MATERIALS PROVIDED ->
──────────────────────────────

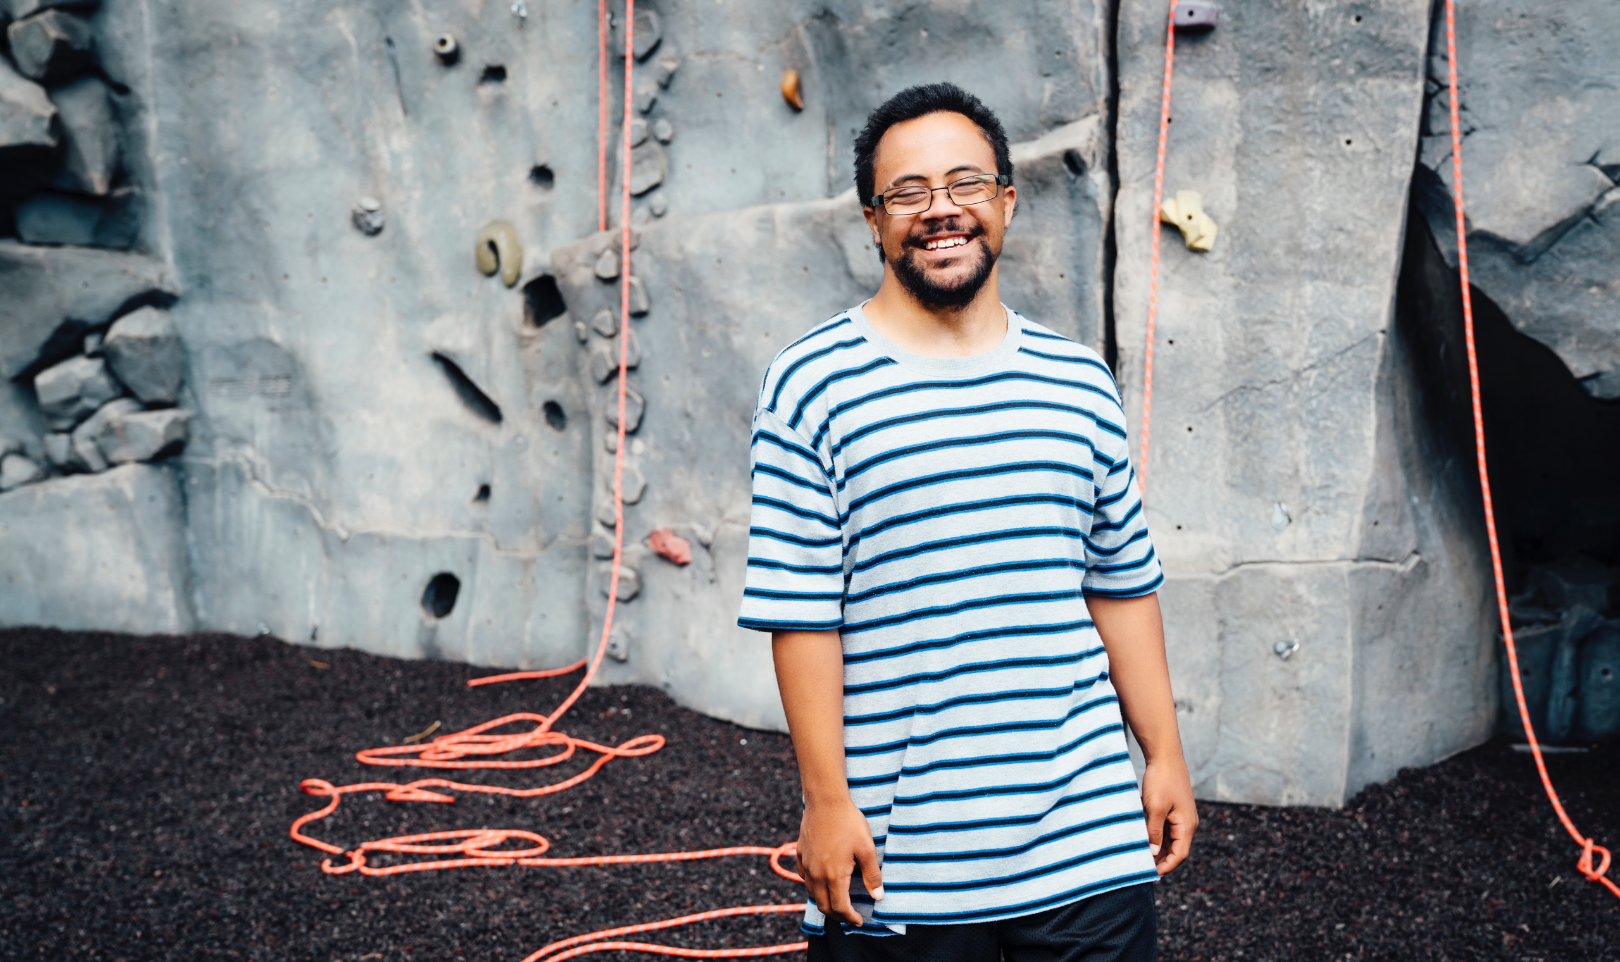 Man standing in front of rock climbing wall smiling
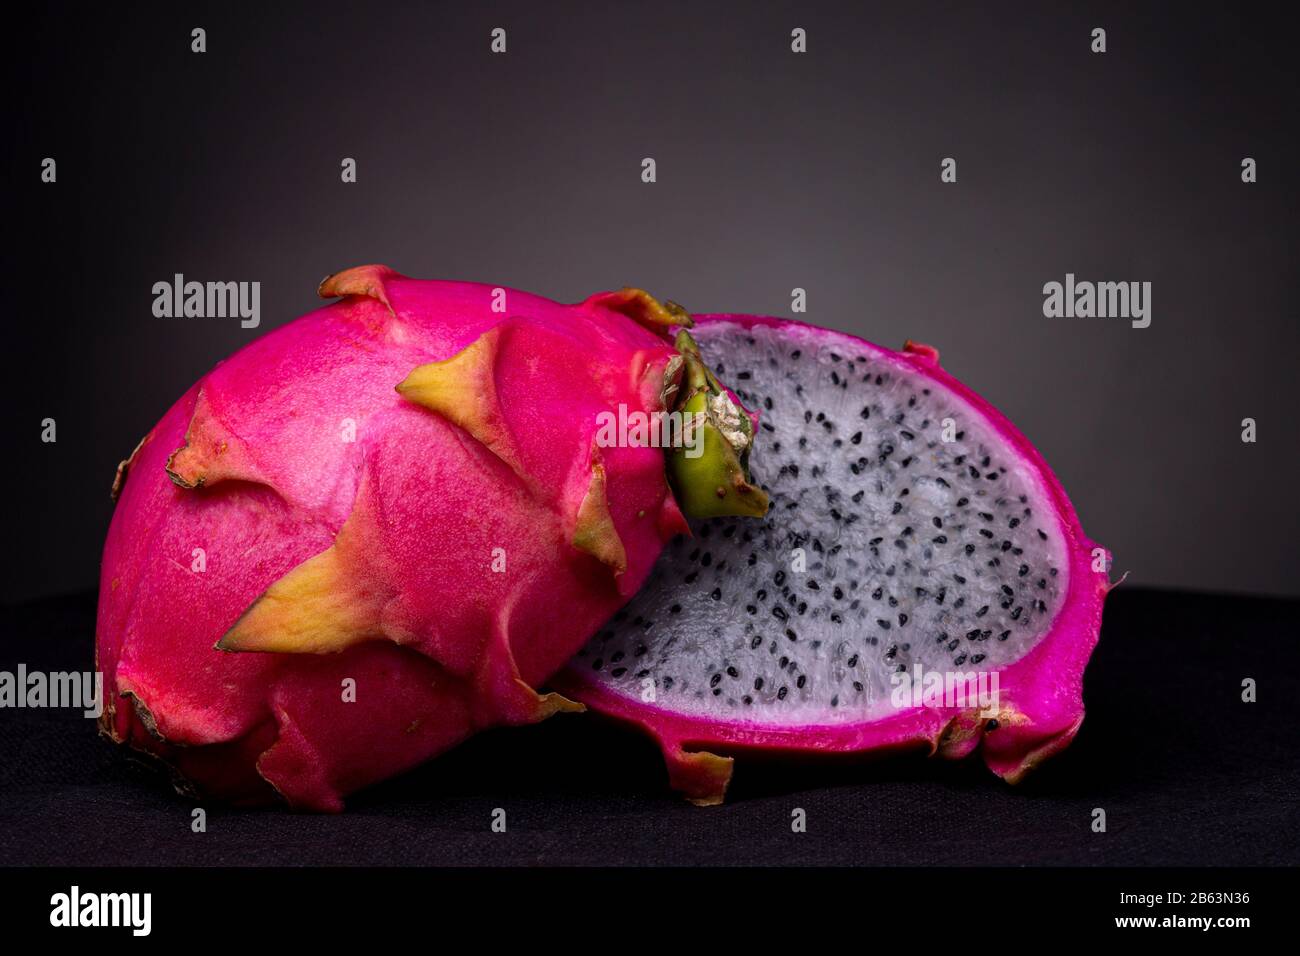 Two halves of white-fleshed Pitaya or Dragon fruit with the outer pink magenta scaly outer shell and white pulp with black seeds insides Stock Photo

──────────────────────────────

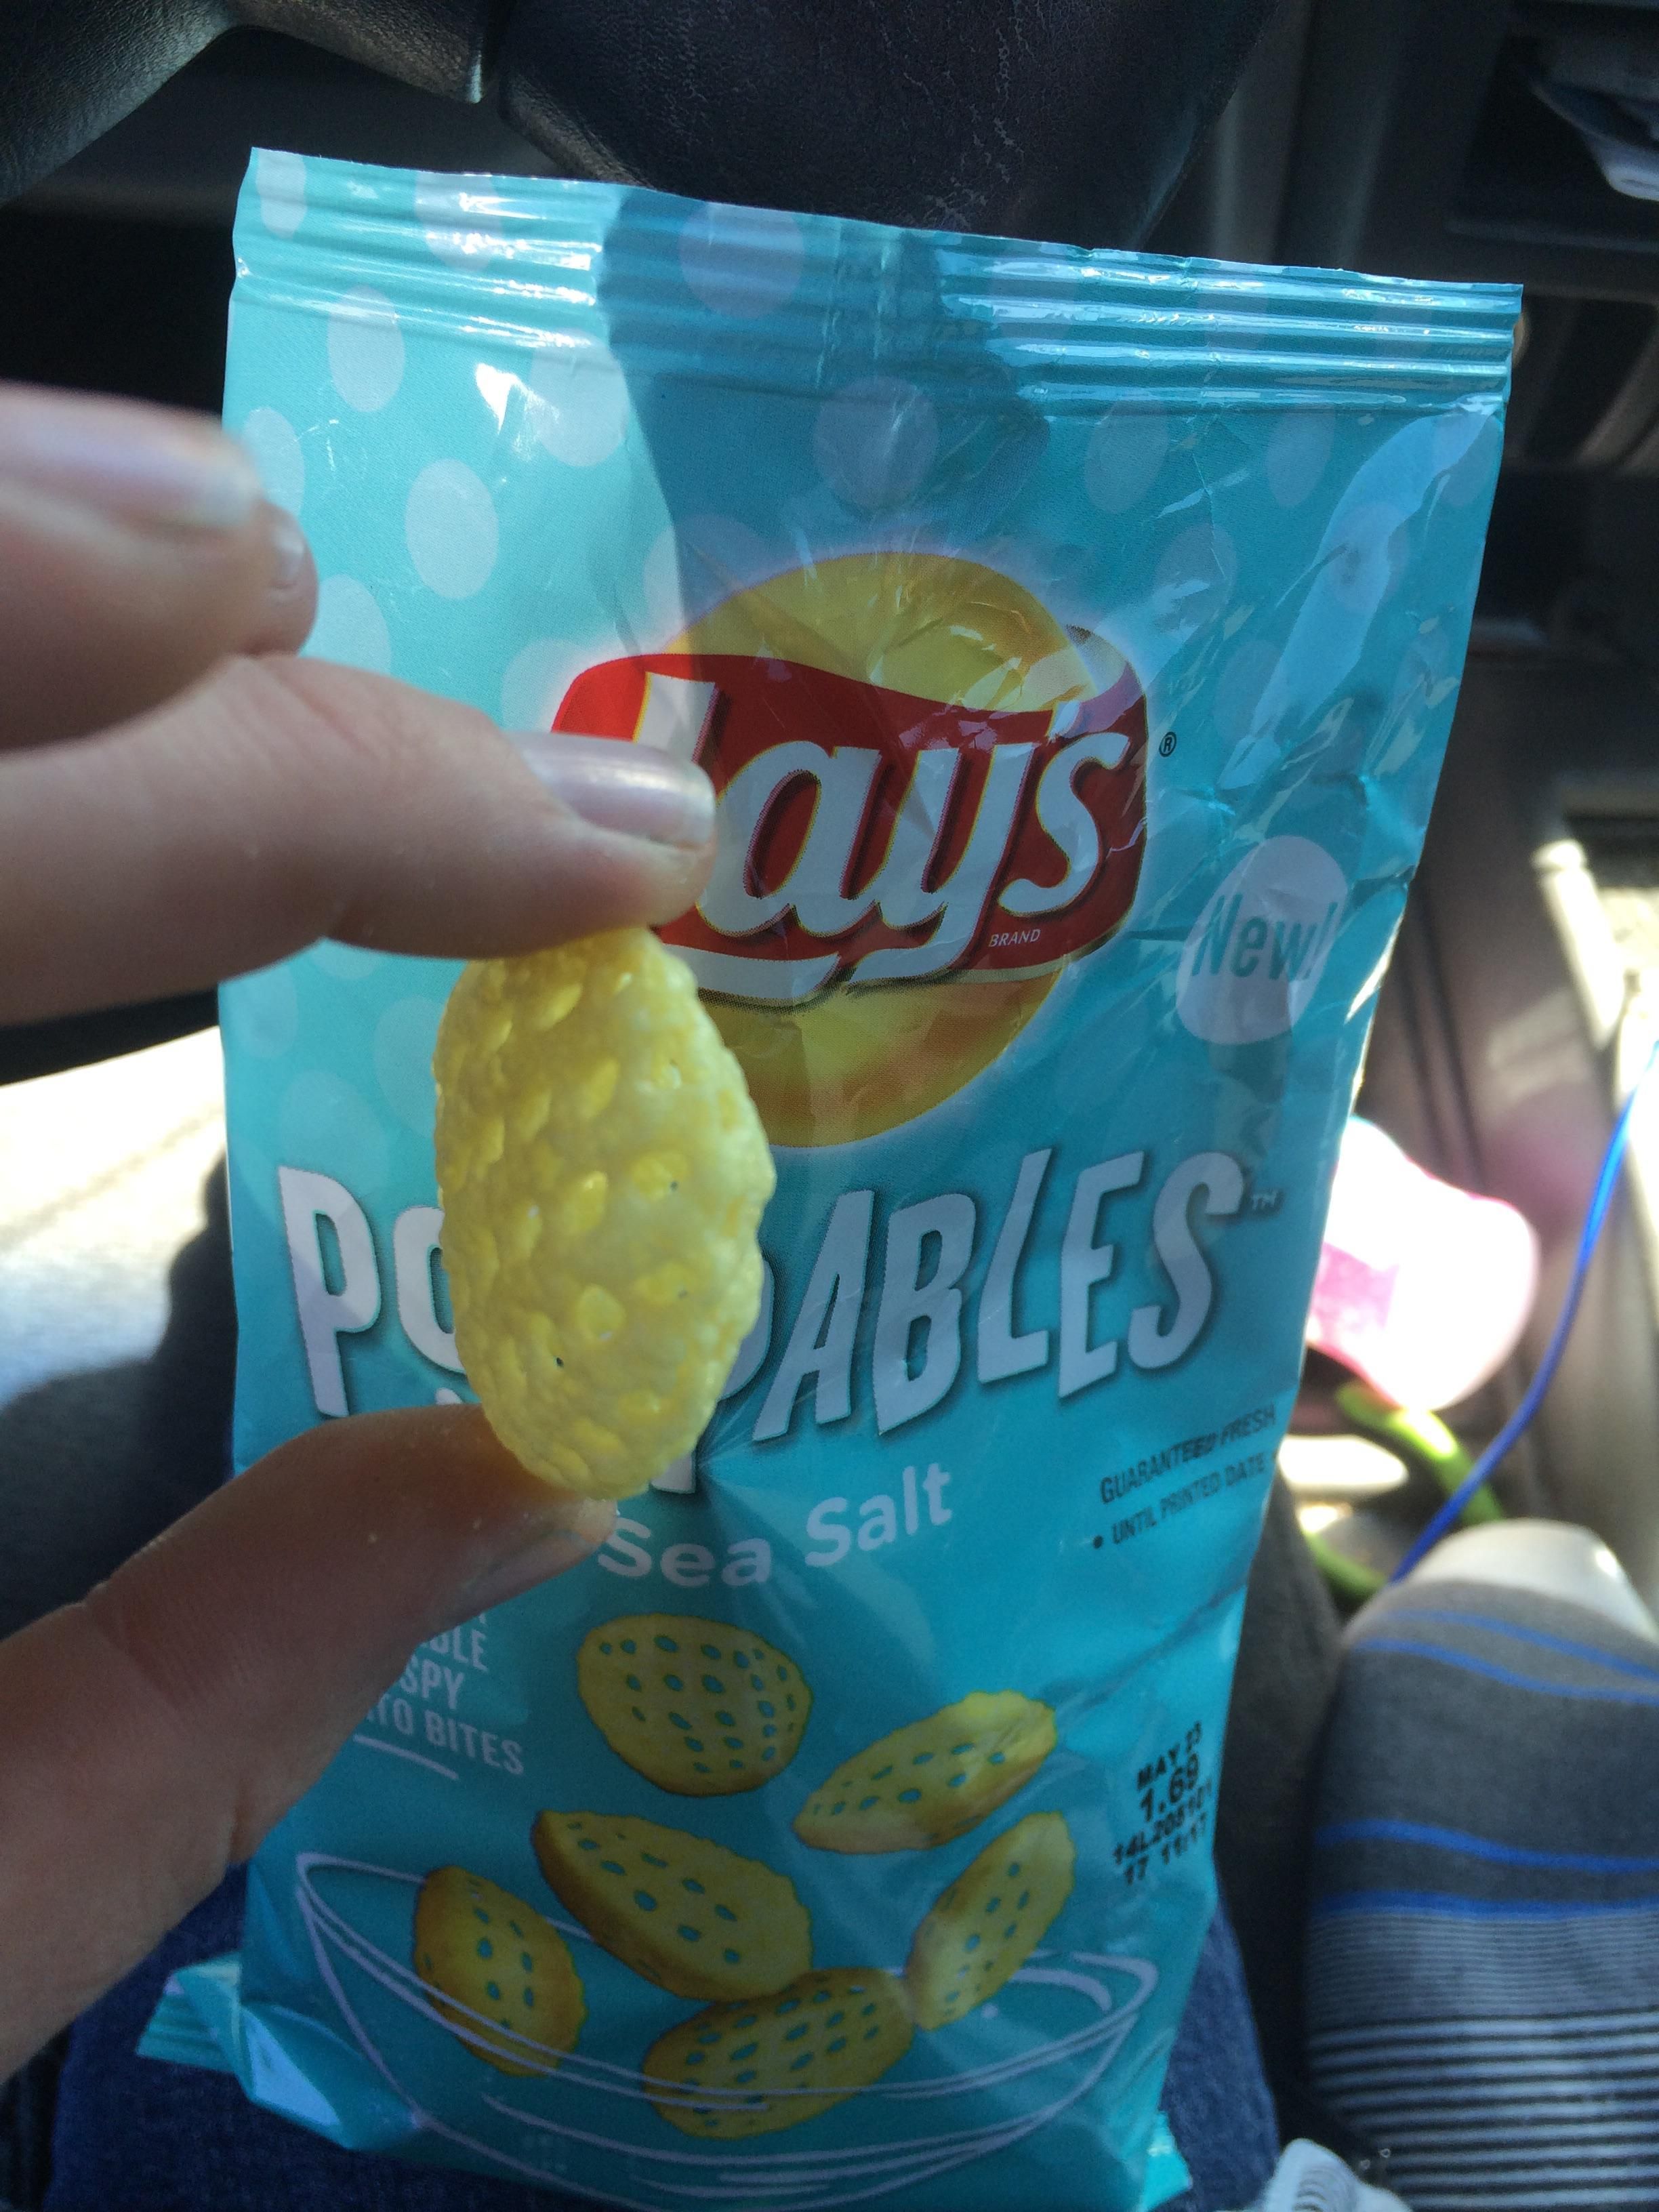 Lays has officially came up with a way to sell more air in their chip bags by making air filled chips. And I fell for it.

──────────────────────────────

TASK TO CARRY OUT ->
In the entries above, which lines run from the one with "Man standing in" up to and including the one with "Two halves of"? Write them out exactly, without the pictures.

COMPLETED TASK ->
 Man standing in front of rock climbing wall smiling
 Two halves of white-fleshed Pitaya or Dragon fruit with the outer pink magenta scaly outer shell and white pulp with black seeds insides Stock Photo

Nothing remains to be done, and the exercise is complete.